At the World Petroleum Congress, held in Calgary during the week of 18 September, Saudi Aramco CEO Amin Nasser said that “the IEA’s prediction that oil consumption will peak this decade and grow at a slower rate in the near term, as the energy transition gathers pace, has been proven to be unrealistic”, (see Fig.2, overleaf). “This notion is also wilting under scrutiny, because it is mostly being driven by policies rather than the proven combination of markets, competitive economics and technology. There is no quick fix for the energy transition,” Nasser concluded.
Another indication that the majors are moving back into fossil fuels is the consensus that lowering carbon emissions will require much more gas than previously stated. The US is forging ahead with new projects that will make it one of the world’s top LNG exporters. This momentum marks a turning point for gas, which the environmentalists thought would serve as a short-term bridge while developing “cleaner” alternatives and would be phased out in the near-future. But with the promise of renewables failing to materialise, the idea that gas demand will peak anytime soon has vanished.

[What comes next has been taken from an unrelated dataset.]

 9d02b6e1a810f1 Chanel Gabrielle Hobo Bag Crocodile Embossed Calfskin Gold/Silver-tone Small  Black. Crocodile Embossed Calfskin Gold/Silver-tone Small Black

“LNG sellers look around this market and feel pretty confident that gas demand will be with us for decades to come,” said Ben Cahill, senior fellow with the Center for Strategic and International Studies. Russia’s invasion of Ukraine, and the subsequent energy crisis and record-breaking price surge, has changed the long-term prospects for gas, he said.
OPEC cuts supply
Major consuming nations have criticised the Saudis and their allies for constricting supplies during a period of record demand, warning that a renewed inflationary spike would squeeze consumers and endanger the global recovery. Nonetheless, Riyadh said it could deepen current cutbacks if deemed necessary. OPEC output plunged in September to a two-year low, as the Saudis implemented a unilateral reduction of 1m b/d, while Russia also cut exports. As a result, global crude markets are forecast to have a supply shortfall of 1.2m b/d by year-end, as the cuts are causing serious concern about commodity availability.

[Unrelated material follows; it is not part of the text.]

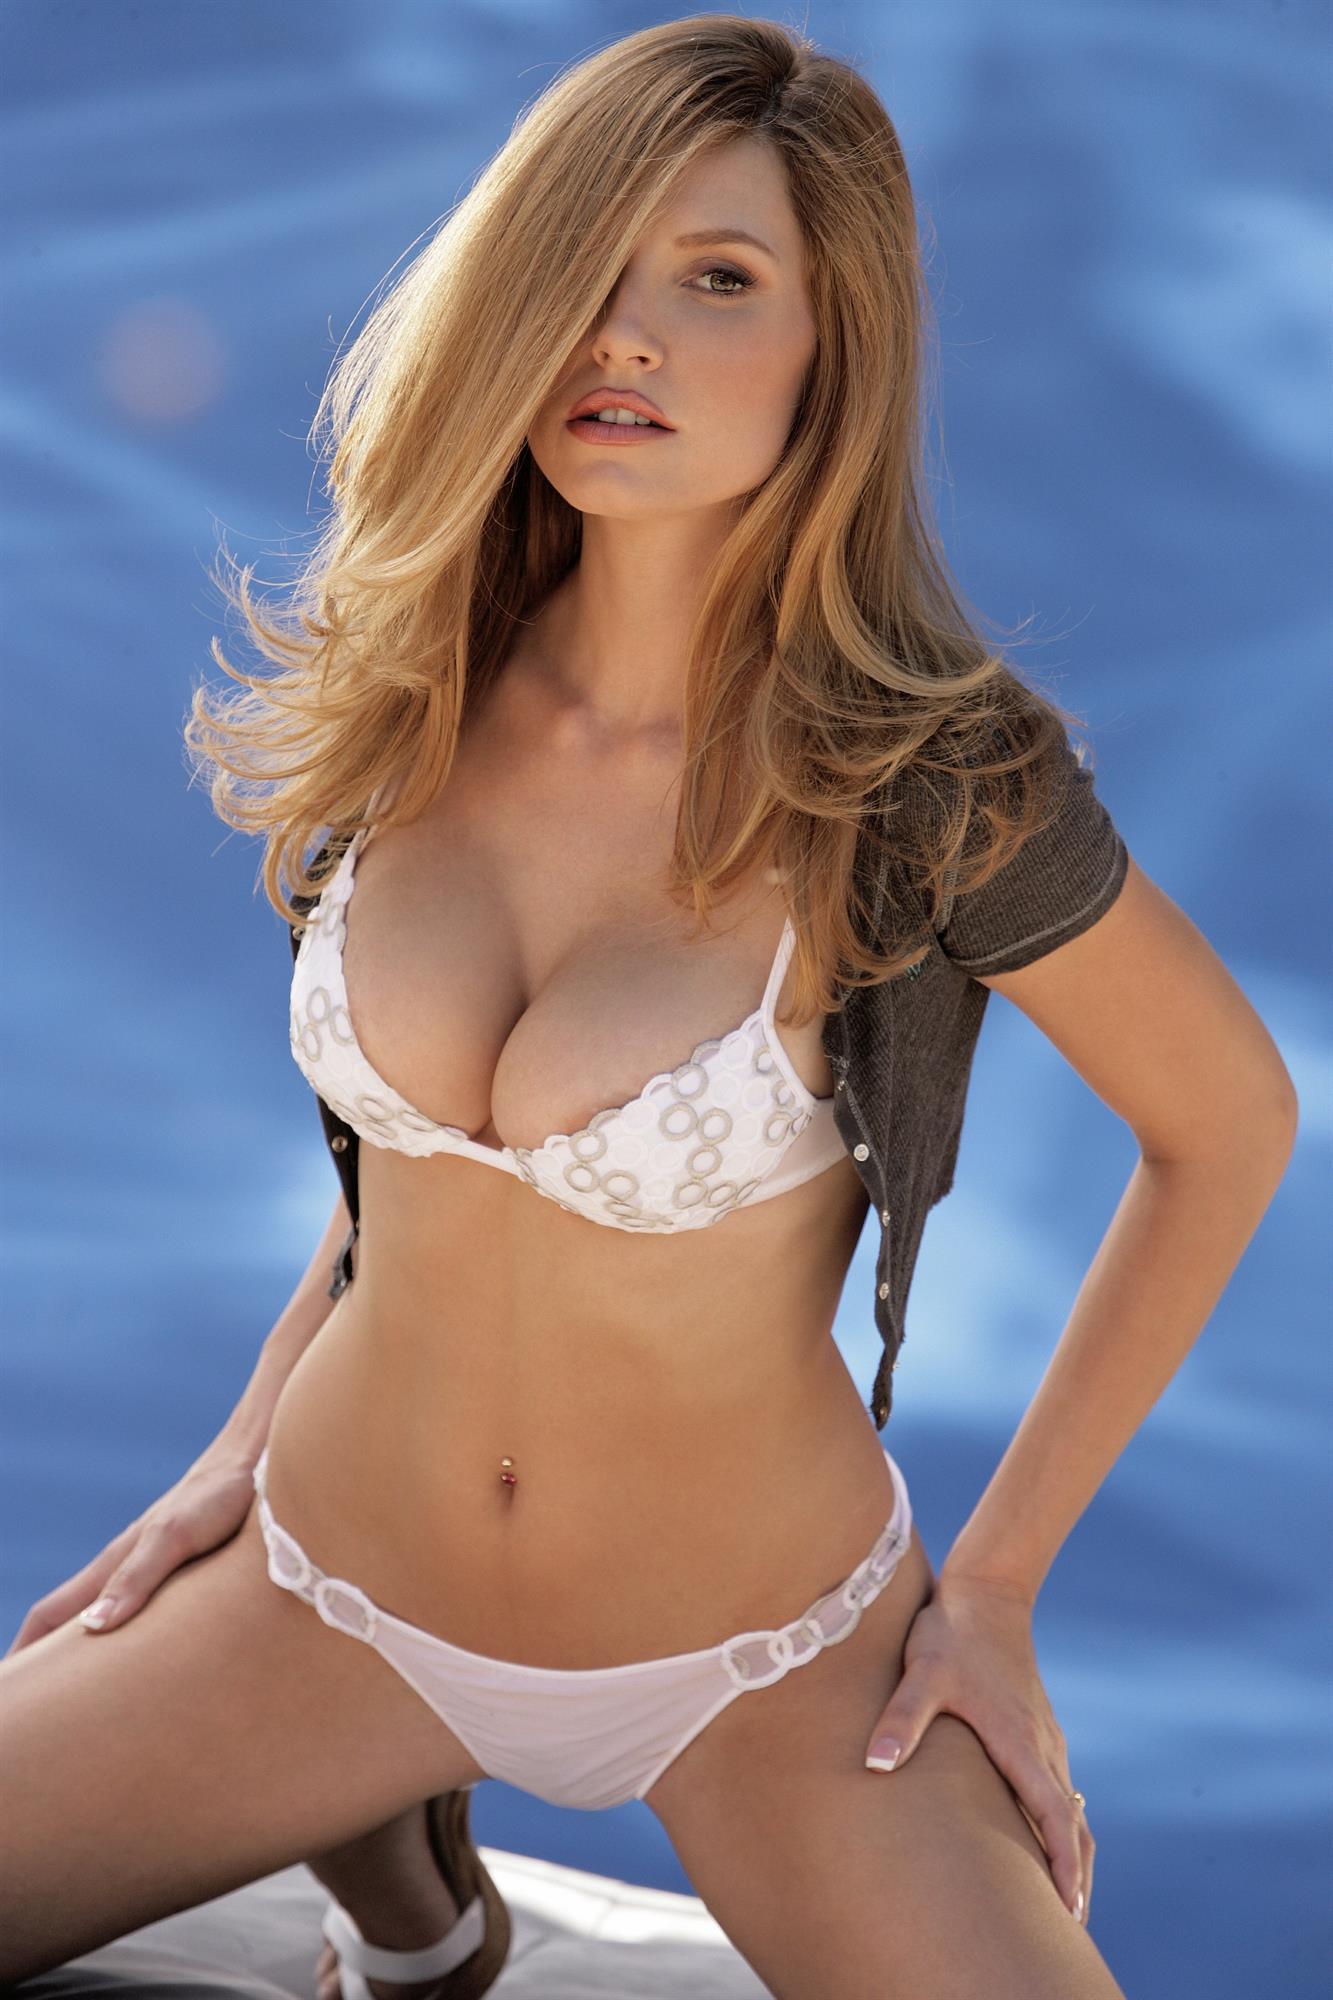 Jamie Lynn in lingerie

The impact of the above factors is higher energy prices and improved cash flows for producers. The balance that companies strike between increasing investment and continuing capital discipline is a major factor. However, the US industry’s investment trajectory for the remainder of 2023 will likely be more focused on traditional hydrocarbons-based development, as renewables have proven to be a poor investment. Producers that had ventured into the lower-margin renewable power business are now rethinking those investments, due to lacklustre returns.
Macro US picture
The Baker Hughes rotary rig count stood at 772 during the week ending 6 January 2023. US drilling activity remained steady, averaging 758 rigs during the first four months of the year. The count started dropping during late April despite a relatively stable WTI price of approximately $72/bl. The rig count then steadily declined for the next four months, dropping to 631 during the week ending 1 September. The September tally is the lowest since 4 February 2022, when the count stood at 613.
The 141-rig loss represents a 22% decrease in activity and occurred mainly in gas-dominated shale fields as operators stacked rigs in these regions, due to depressed gas prices. Those low prices occurred despite prolonged record heat in a large portion of North America over the last several months. The market showed no signs of recovery, with gas at the Henry Hub trading at $2.58/m Btu in August, compared with $2.55/m Btu in July. Despite short-term price stability, the 12-month running average at the Henry Hub plummeted by 12% in August, down to $3.68/m Btu. This documents the protracted price decline since August 2022, when operators were receiving $8.81/m Btu.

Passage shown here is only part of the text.